La santé des animaux aquatiques

Cette 88e session de l’OIE a été marquée par le lancement de la première stratégie mondiale sans précédent sur la santé des animaux aquatiques. Son objectif est « de protéger la santé de la vie sous l’eau et d’assurer un avenir durable ».

7e plan stratégique

Enfin, le 7e plan stratégique de l’OIE pour 2021-2025 a été lancé. Il a pour objectif de faire entendre la voix de l’institution dans les débats, dans les cadres de développement durable et de One Health. Ces sujets ont un impact direct sur l’équilibre socio-économique des populations rurales et la durabilité des systèmes de production animale. Ce plan intègre aussi la volonté que les services vétérinaires de tous les États membres soient mieux préparés à répondre à ces défis complexes et multiples, qui nécessitent un éventail de connaissances et de compétences plus large que celui qui peut être traditionnellement couvert dans les écoles vétérinaires.

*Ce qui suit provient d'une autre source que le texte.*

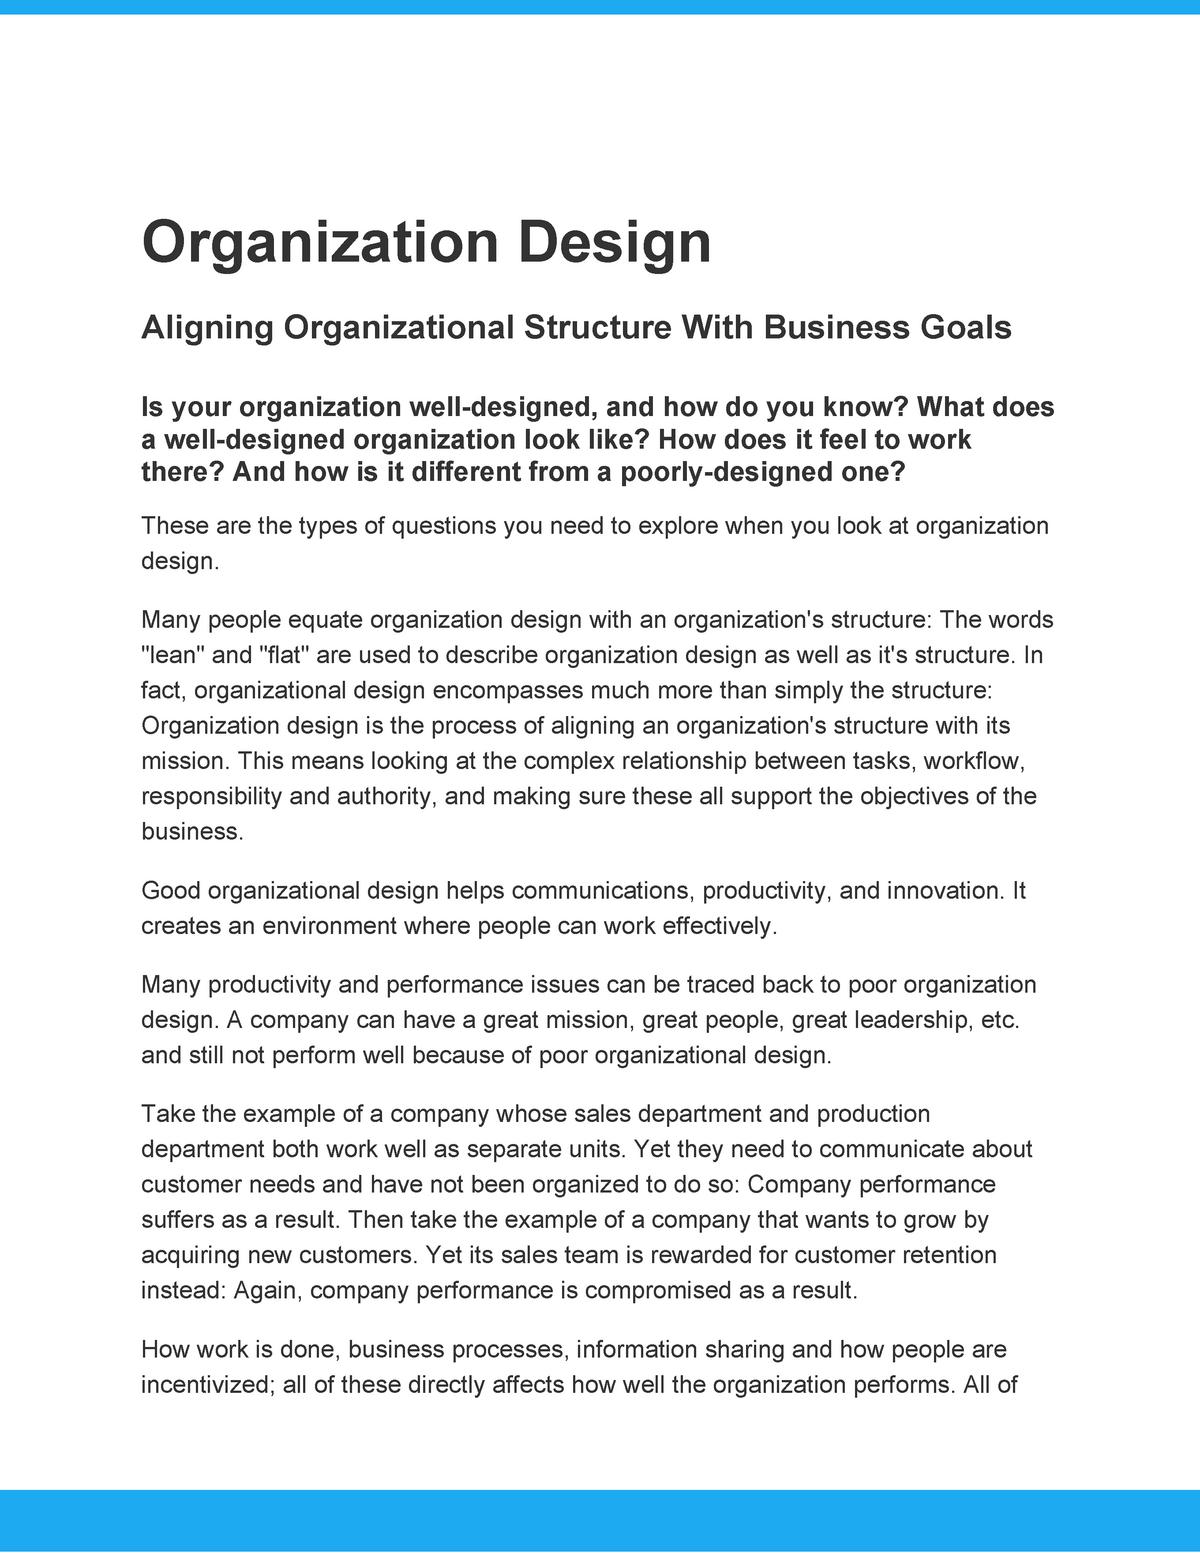 Organizational Design Mba2 1 Studocu

Des informations en temps réel avec Wahis

Wahis, le Système mondial d’information zoosanitaire de l’OIE, a la capacité de fournir des données détaillées sur les maladies des animaux terrestres et aquatiques. Il a été entièrement repensé en mars 2021 pour améliorer la capacité à suivre les maladies animales et zoonotiques à l’échelle mondiale. OIE-Wahis fournit des informations en temps réel sur la situation mondiale de la santé animale, y compris un système de cartographie numérique. La plateforme fournit une analyse approfondie des données et constitue un outil essentiel pour la bonne gouvernance de la santé animale.